WORK REQUIRED
Below is a listing to transcribe in full and exactly; keep the pictures out.

SOURCE MATERIAL
::::
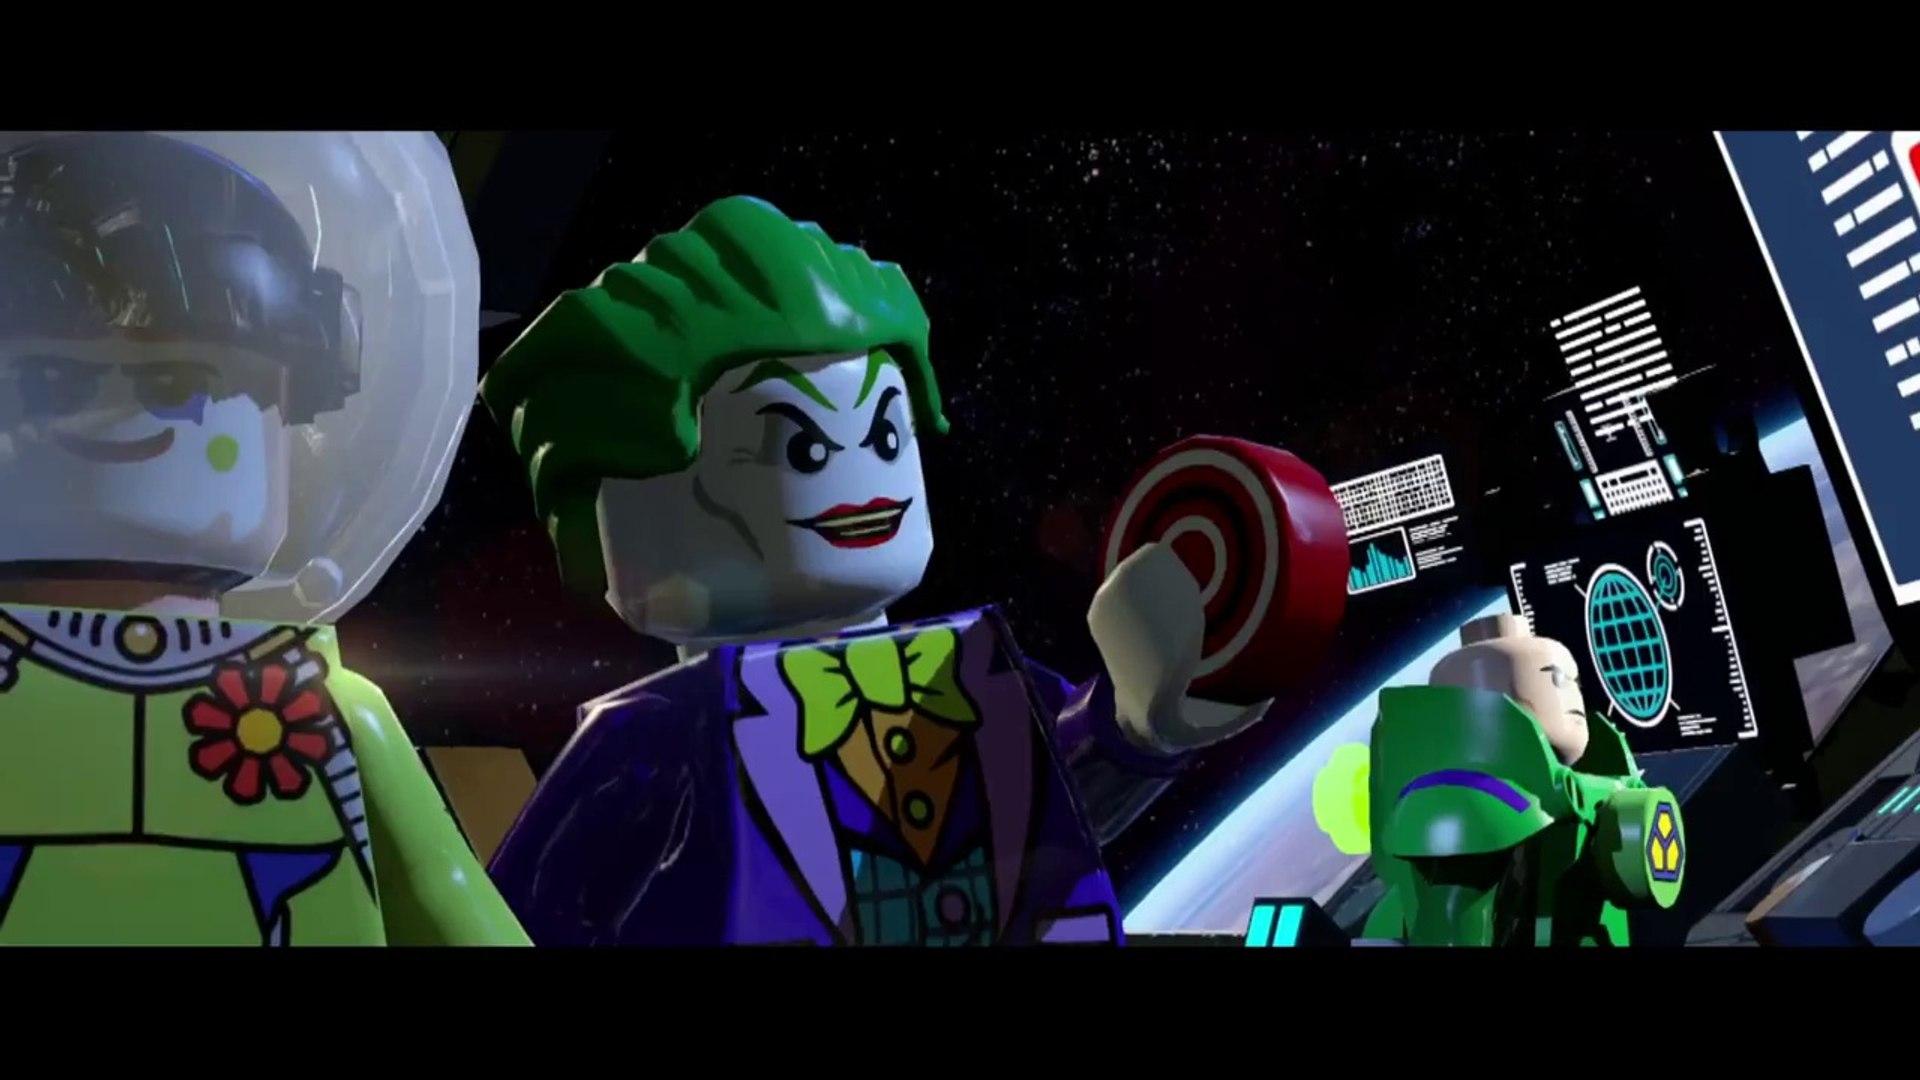 LEGO Batman 3: Beyond Gotham - Behind the Scenes and Gameplay
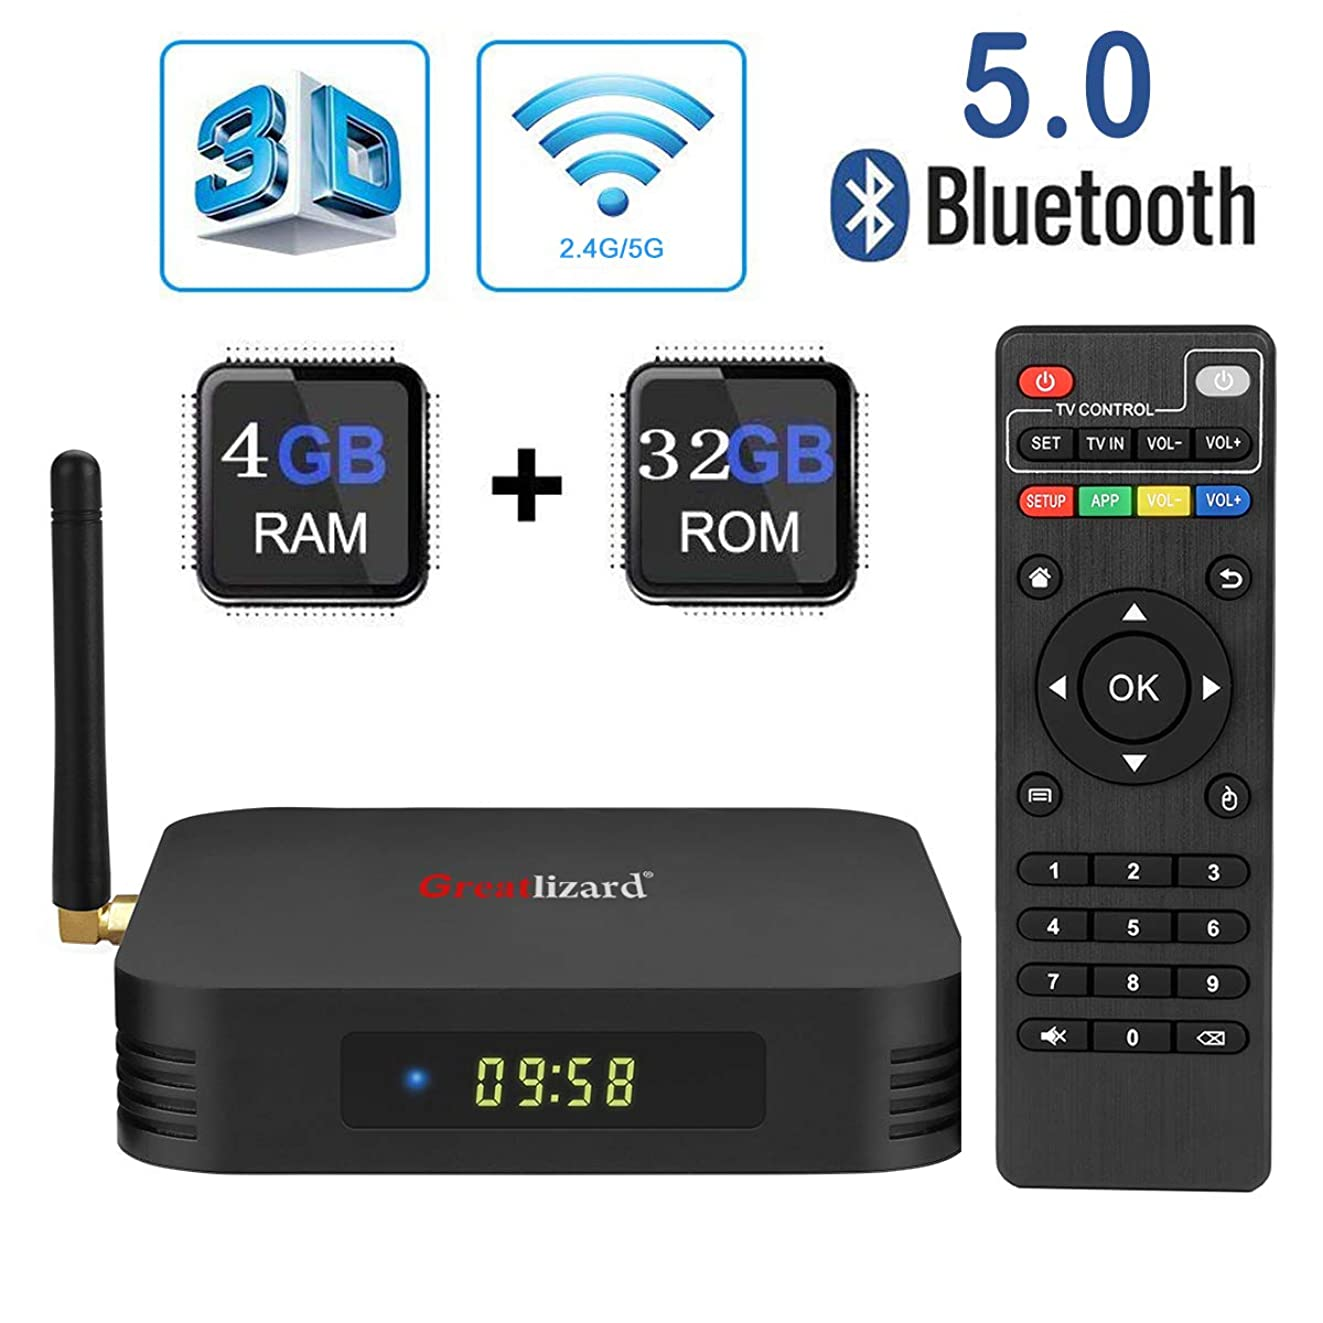 Android 9.0 TV Box,Greatlizard TX6 Android Box 4GB DDR3 32GB ROM BT5.0 Dual WiFi 2.4G+5G Quad Core 1080p 4K 6K USB 3.0 HDR Smart TV Media Box
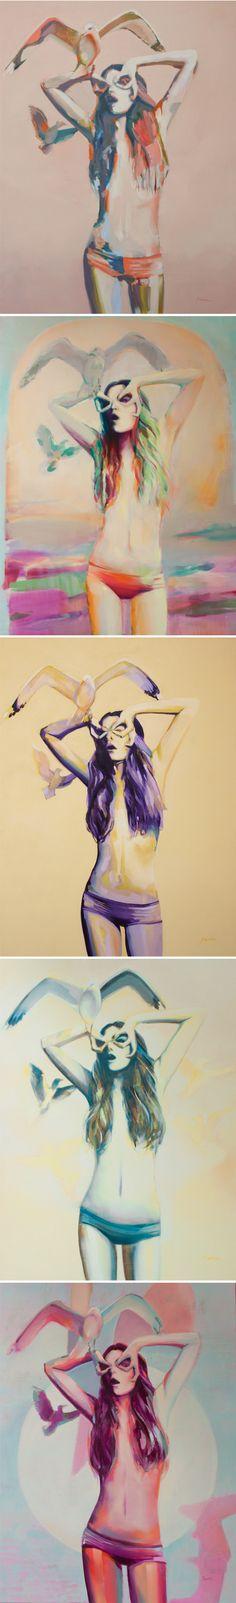 paintings by zoe pawlak <3
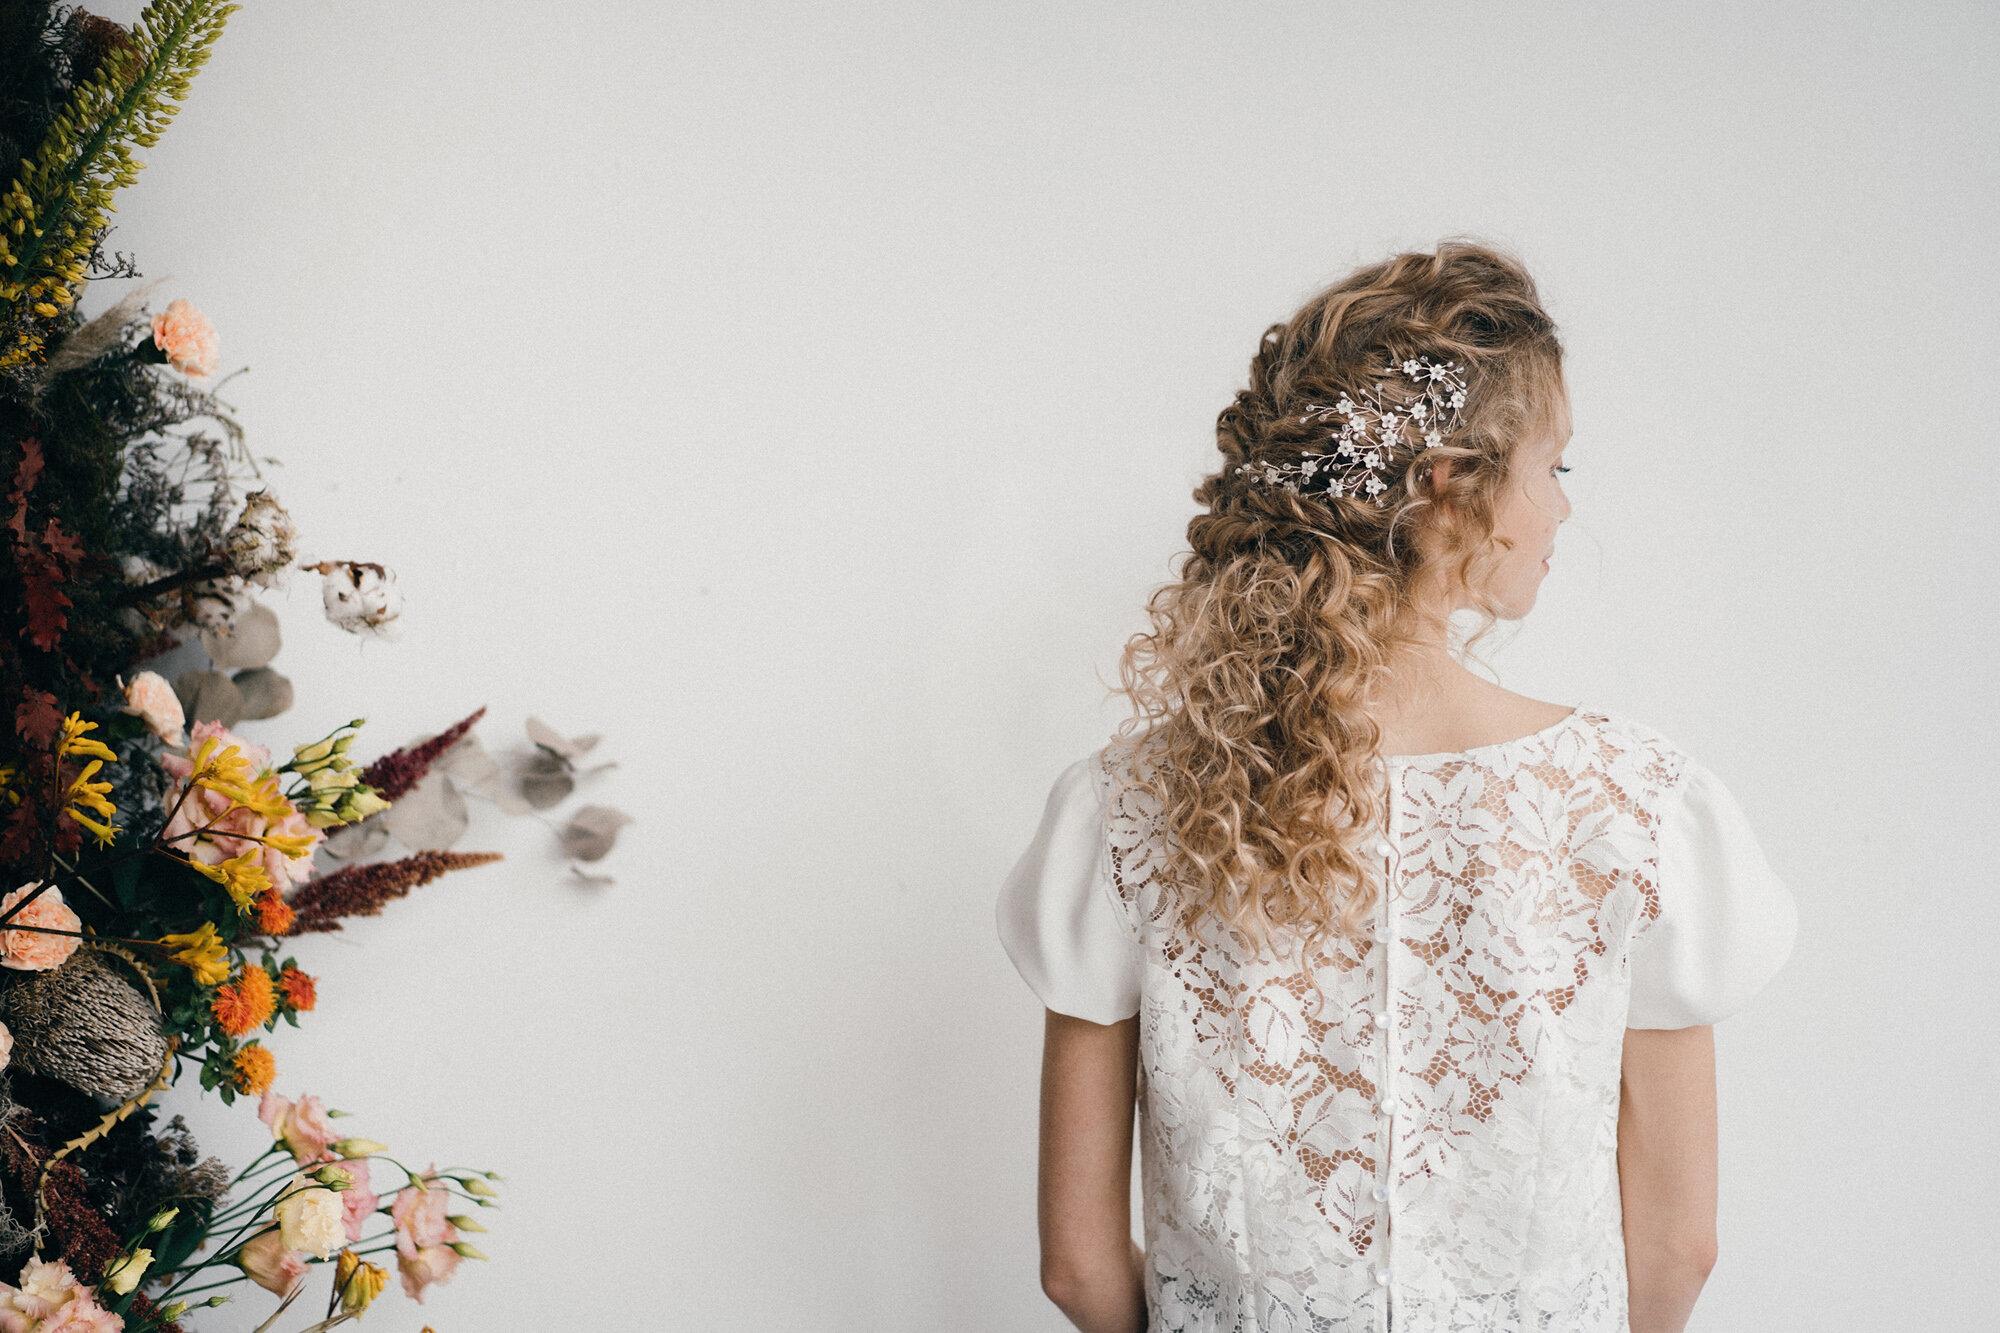 Debbie-Carlisle-Bridal-Accessories-Kate-Beaumont-Wedding-Gowns-Sheffield-Yorkshire-UK-33.jpg
::::
YOUR RESPONSE
 LEGO Batman 3: Beyond Gotham - Behind the Scenes and Gameplay
 Android 9.0 TV Box,Greatlizard TX6 Android Box 4GB DDR3 32GB ROM BT5.0 Dual WiFi 2.4G+5G Quad Core 1080p 4K 6K USB 3.0 HDR Smart TV Media Box
 paintings by zoe pawlak <3
 Debbie-Carlisle-Bridal-Accessories-Kate-Beaumont-Wedding-Gowns-Sheffield-Yorkshire-UK-33.jpg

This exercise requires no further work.